Publius Ovidius Naso was, like most Roman men of letters, a provincial. He was born at Sulmo, a small town about 90 miles (140 km) east of Rome. The main events of his life are described in an autobiographical poem in the Tristia (Sorrows). His family was old and respectable, and sufficiently well-to-do for his father to be able to send him and his elder brother to Rome to be educated. At Rome he embarked, under the best teachers of the day, on the study of rhetoric. Ovid was thought to have the makings of a good orator, but in spite of his father's admonitions he neglected his studies for the verse-writing that came so naturally to him.

As a member of the Roman knightly class (whose rank lay between the commons and the Senate) Ovid was marked by his position, and intended by his father, for an official career. First, however, he spent some time at Athens (then a favourite finishing school for young men of the upper classes) and traveled in Asia Minor and Sicily.
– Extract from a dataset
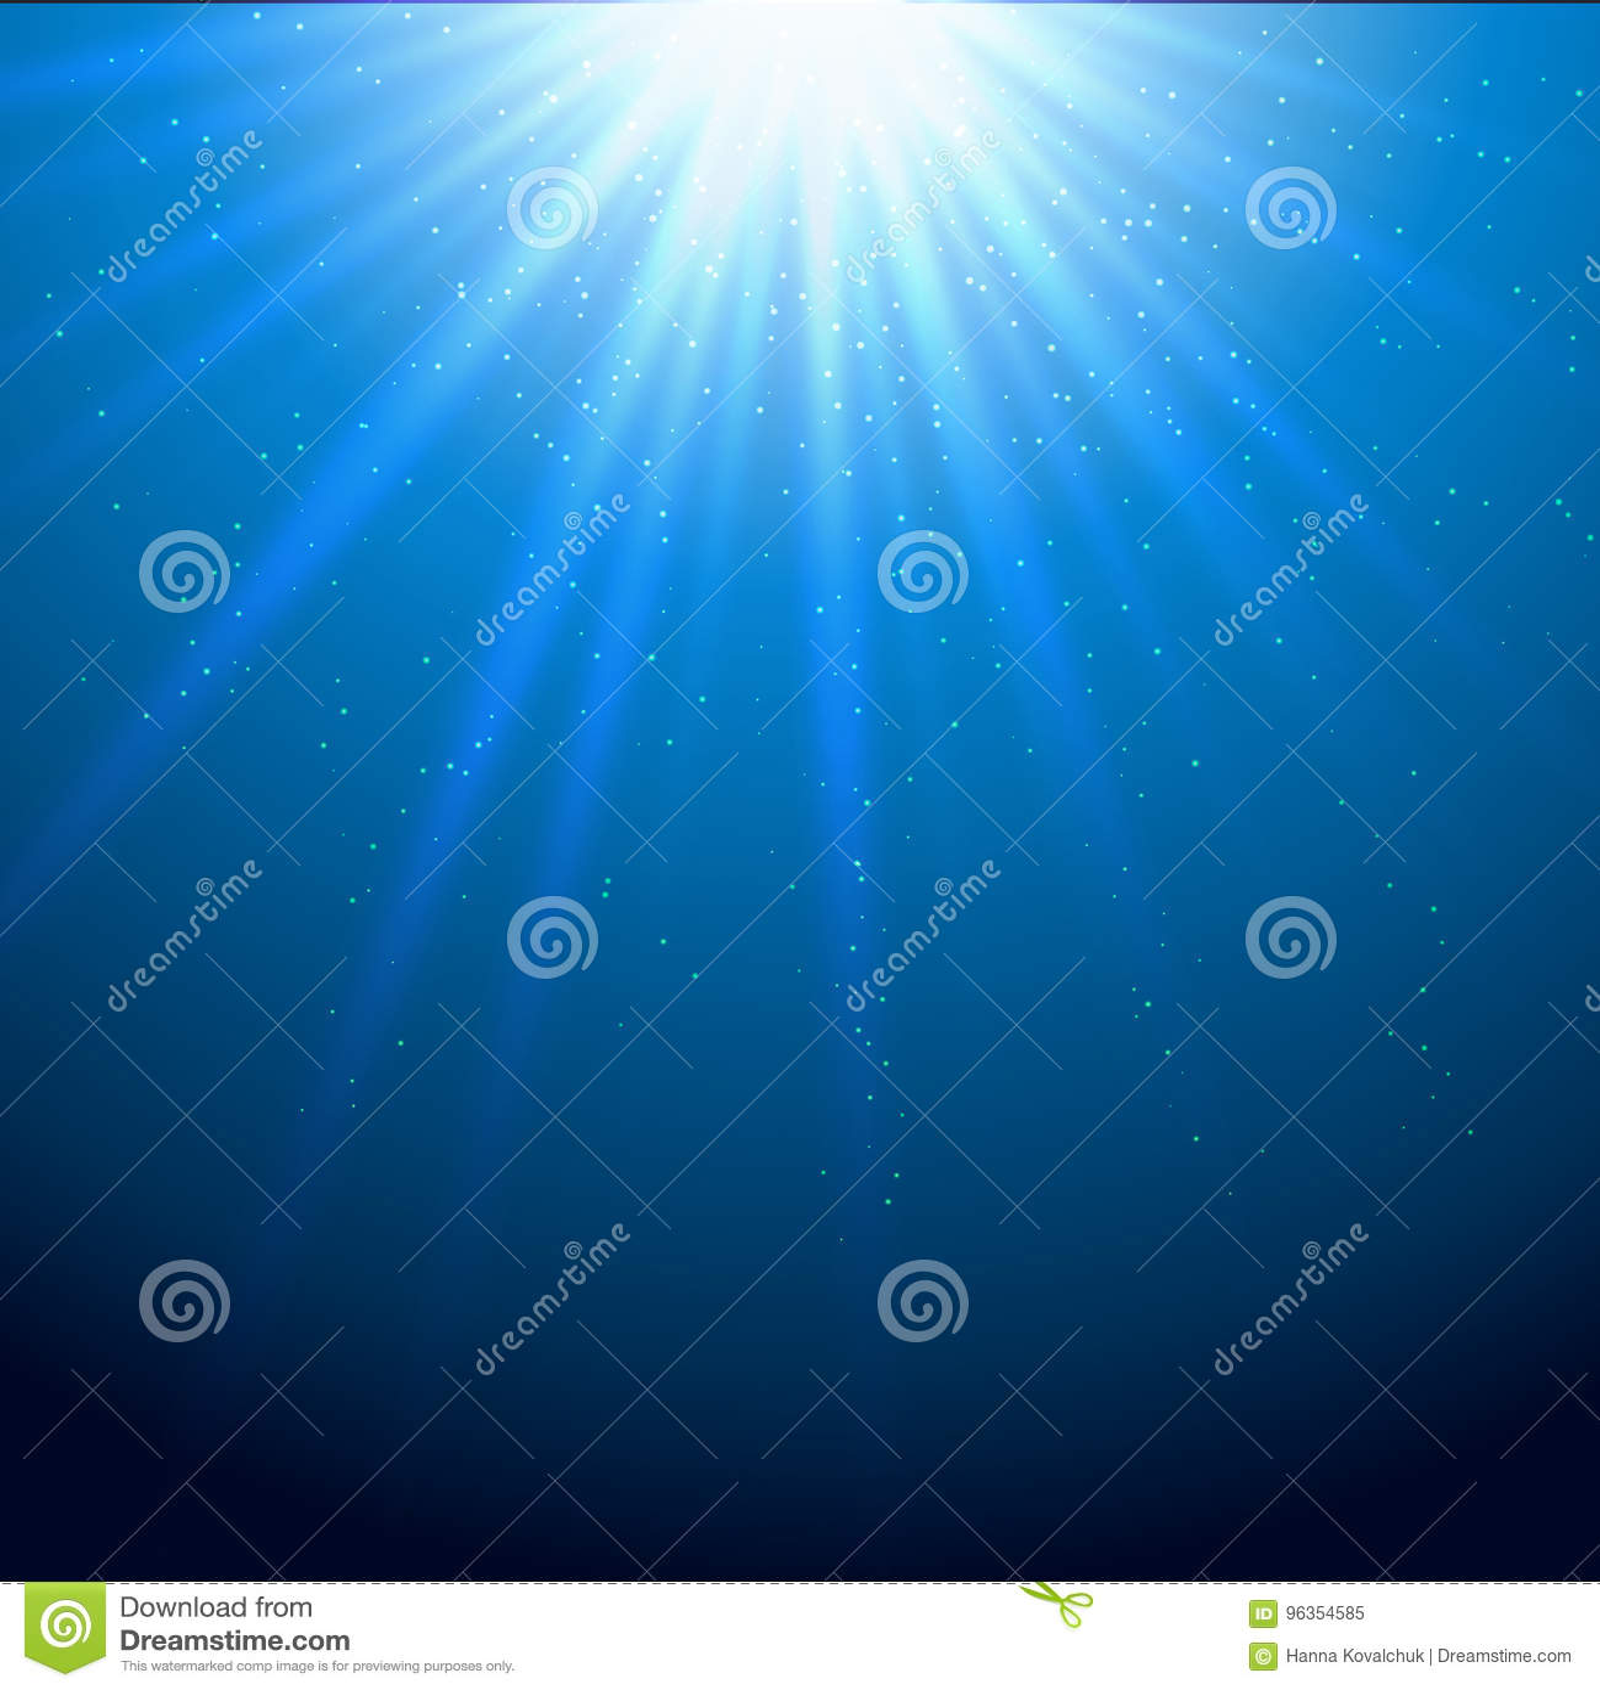 Fond bleu de scintillement de faisceaux lumineux

Afterward he dutifully held some minor judicial posts, the first steps on the official ladder, but he soon decided that public life did not suit him. From then on he abandoned his official career to cultivate poetry and the society of poets.

Ovid's first work, the Amores (The Loves), had an immediate success and was followed, in rapid succession, by the Epistolae Heroidum, or Heroides (Epistles of the Heroines), the Medicamina faciei (“Cosmetics”; Eng. trans. The Art of Beauty), the Ars amatoria (The Art of Love), and the Remedia amoris (Remedies for Love), all reflecting the brilliant, sophisticated, pleasure-seeking society in which he moved. The common theme of these early poems is love and amorous intrigue, but it is unlikely that they mirror Ovid's own life very closely. Of his three marriages the first two were short-lived, but his third wife, of whom he speaks with respect and affection, remained constant to him until his death. At Rome Ovid enjoyed the friendship and encouragement of Marcus Valerius Messalla, the patron of a circle which included Tibullus, whom Ovid knew only for a short time before his untimely death. Ovid's other friends included Horace, Sextus Propertius, and the grammarian Hyginus.